----- DATASET CONTENT -----

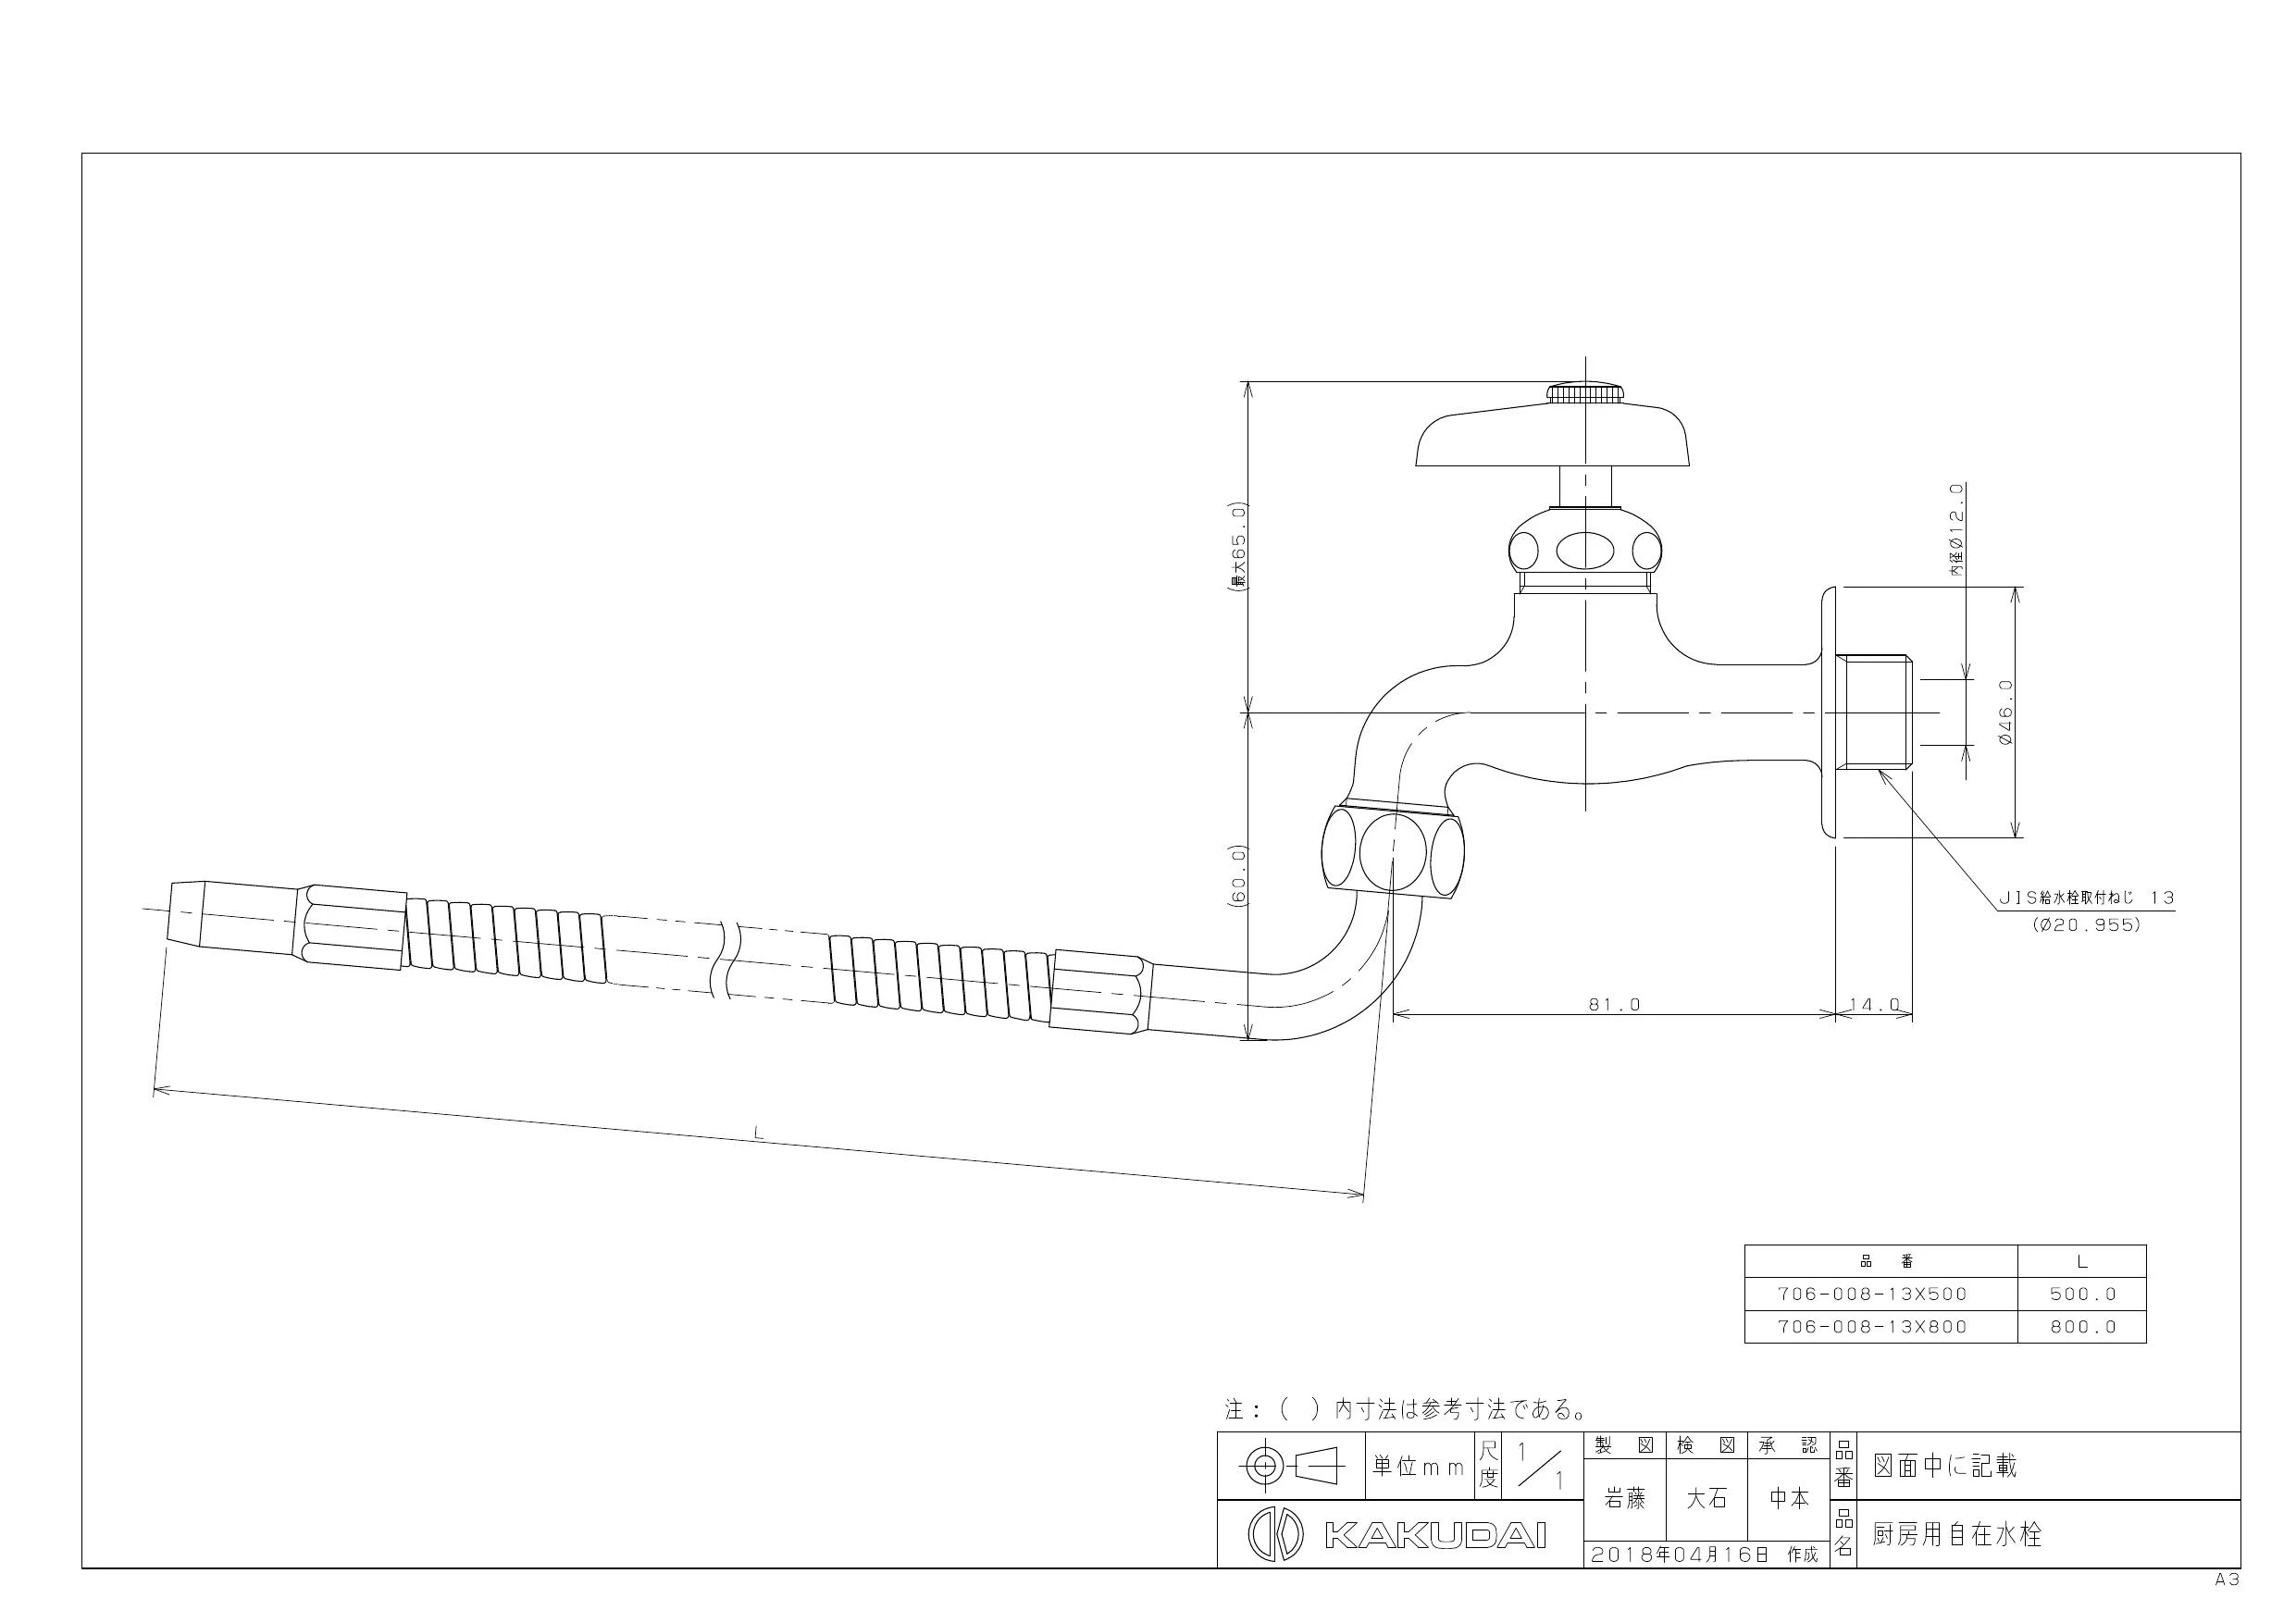 706-008-13X800 商品図面|カクダイ 特殊水栓の通販はプロストア ダイレクト
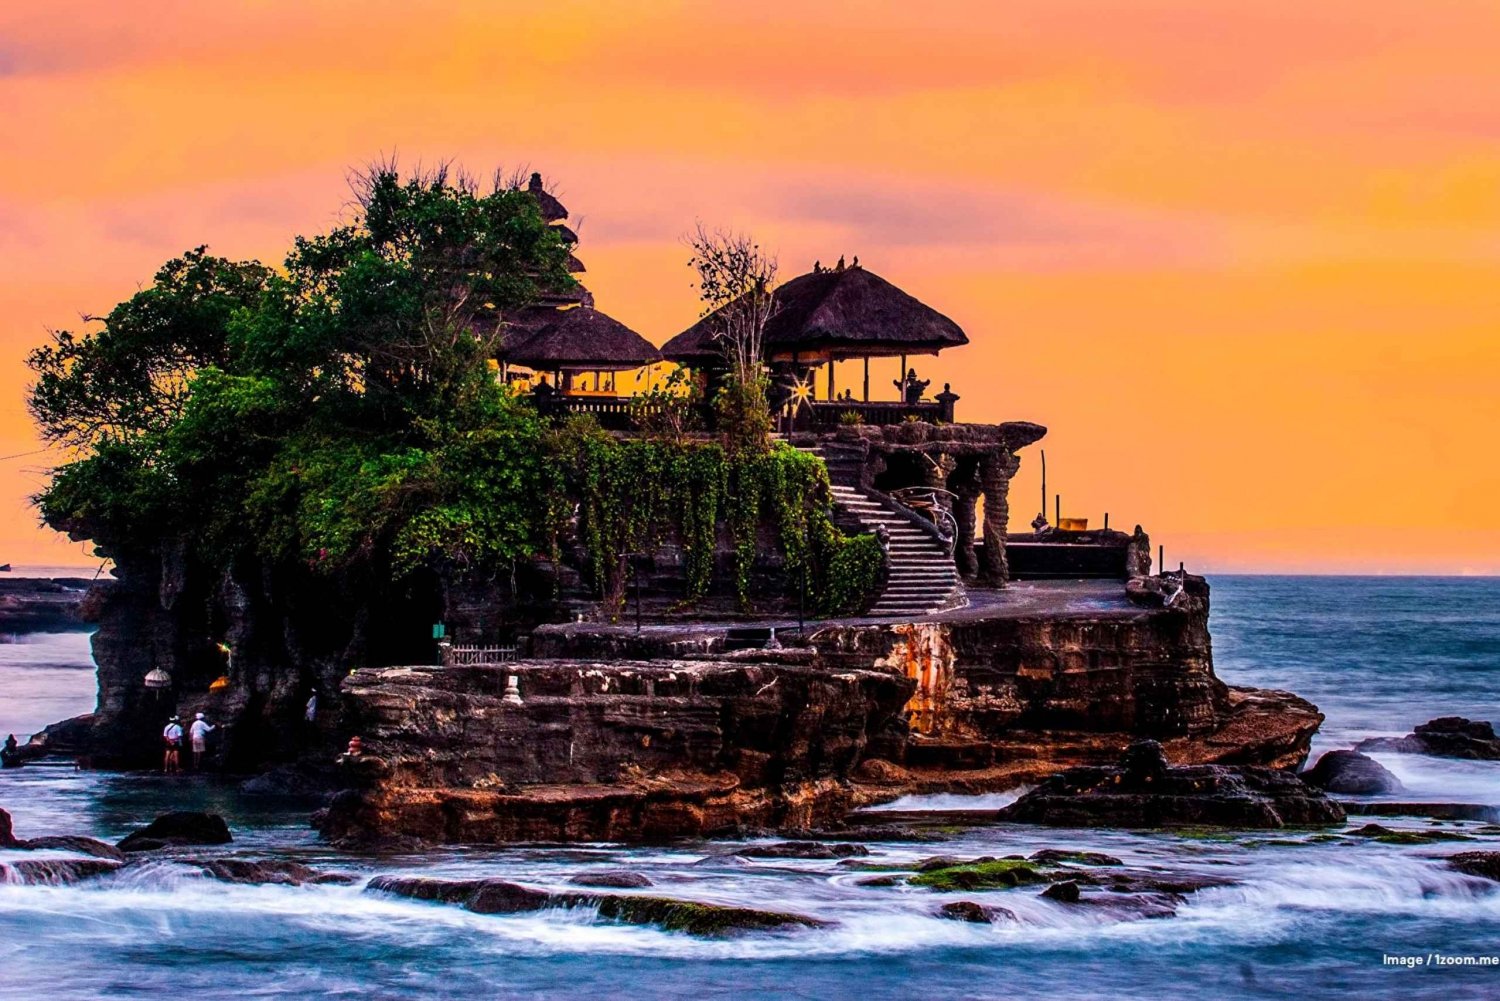 Bali: Ubud Wasserfall, Reisterrasse & Tanah Lot Sonnenuntergangstouren
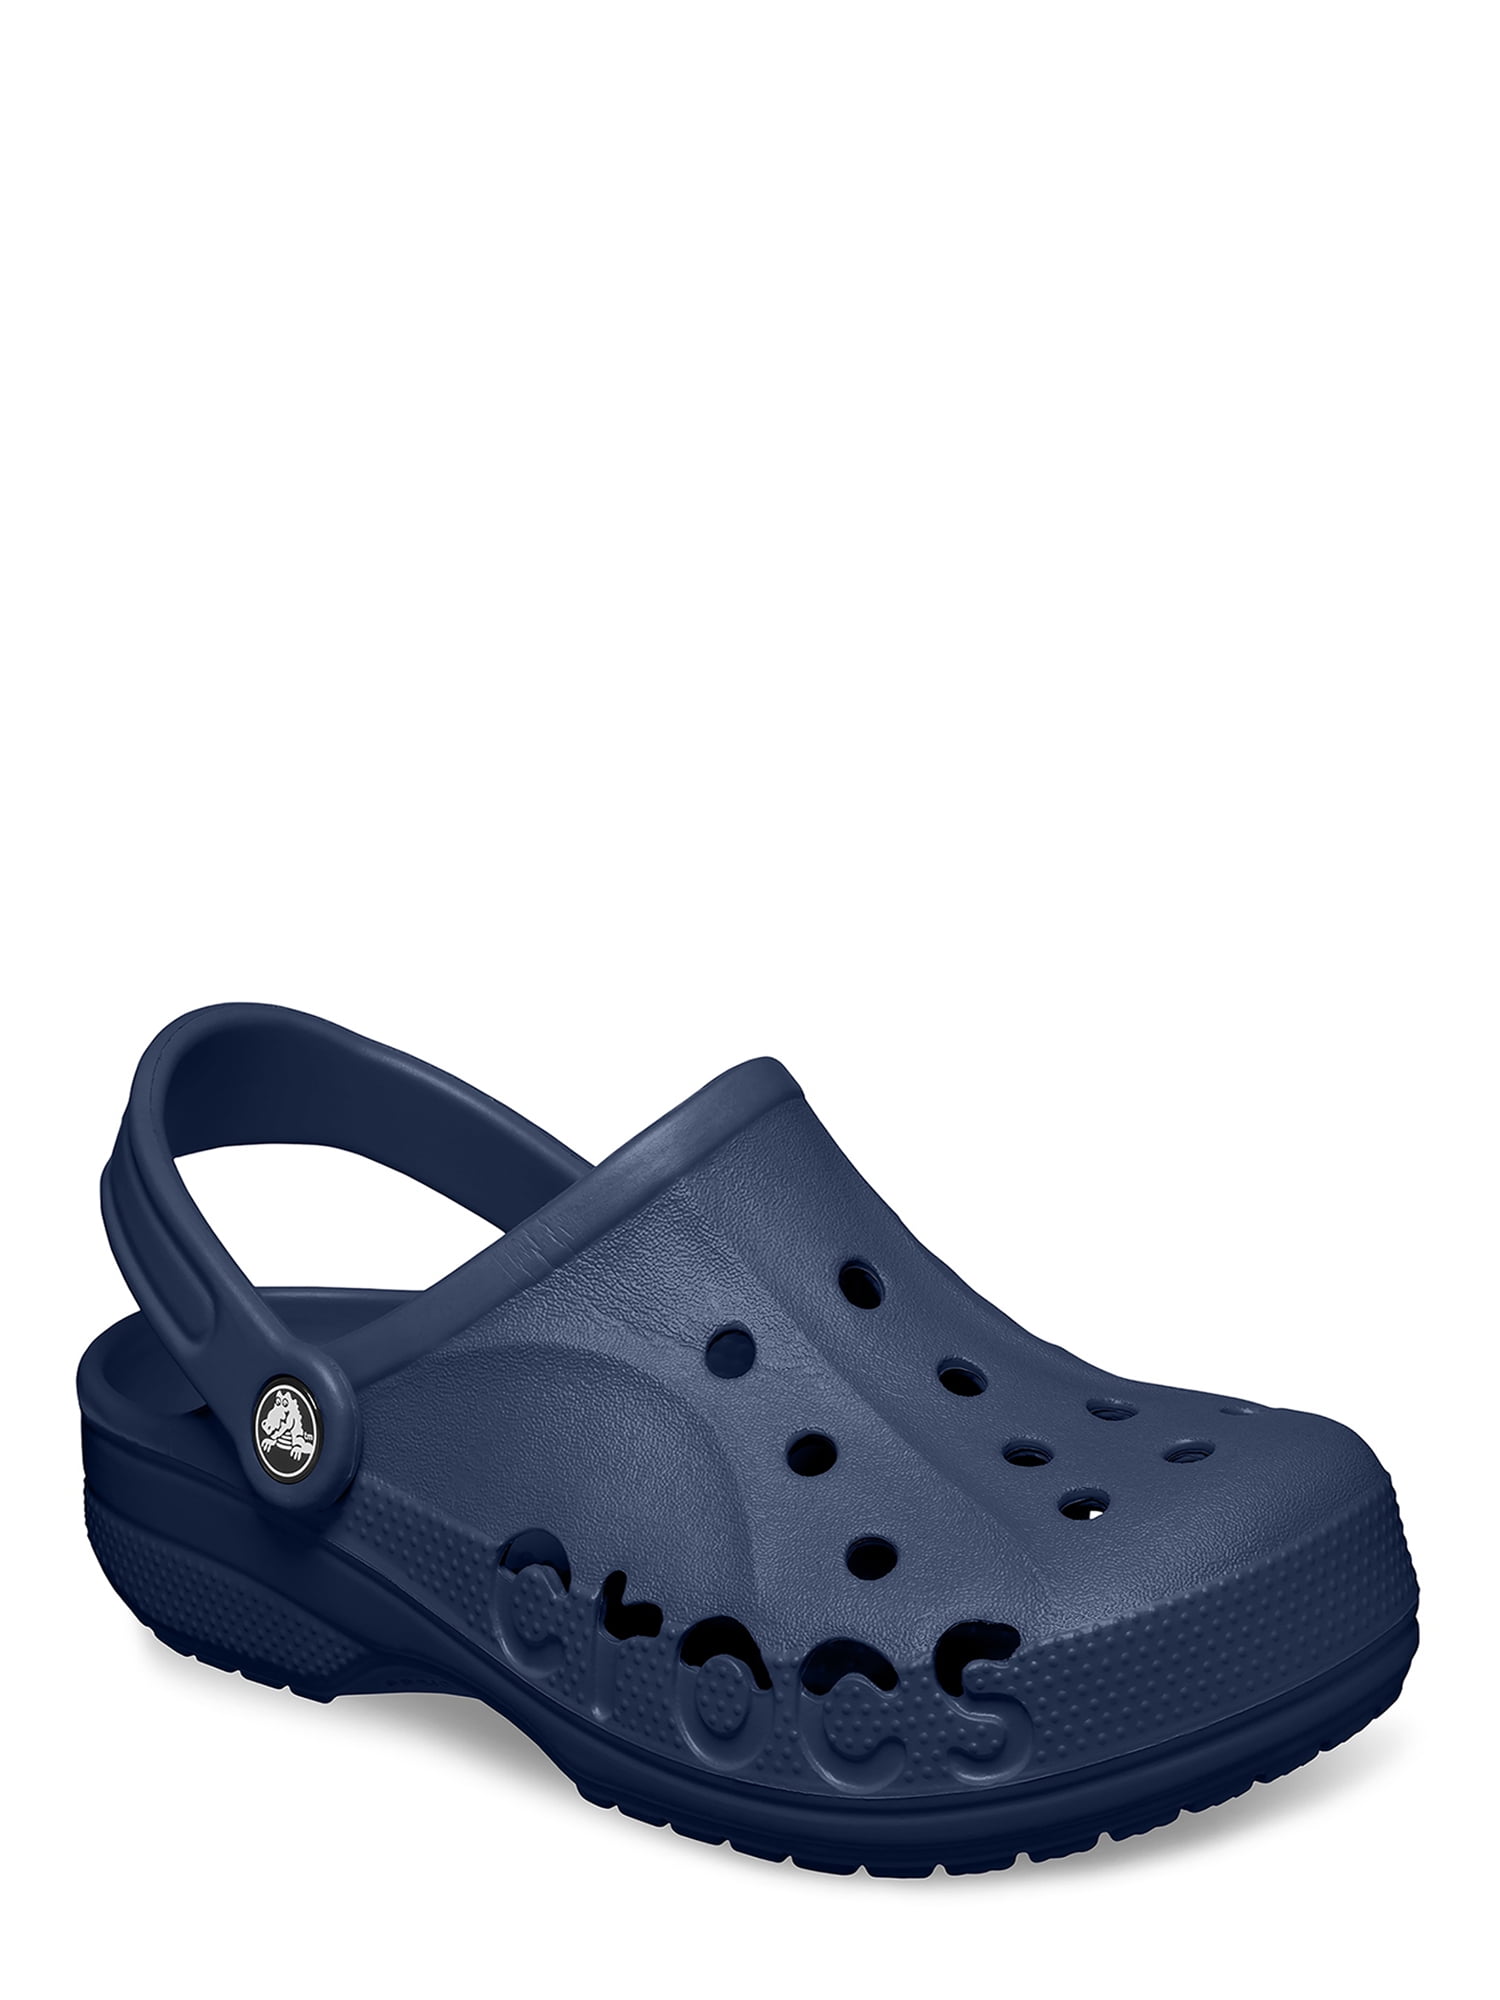 Crocs Unisex Baya Sandals - Walmart.com

-----

WHAT TO DO.
Repeat the listing exactly, pictures excluded.

TASK OUTPUT.
 706-008-13X800 商品図面|カクダイ 特殊水栓の通販はプロストア ダイレクト
 Bali: Ubud Wasserfall, Reisterrasse & Tanah Lot Sonnenuntergangstouren
 Crocs Unisex Baya Sandals - Walmart.com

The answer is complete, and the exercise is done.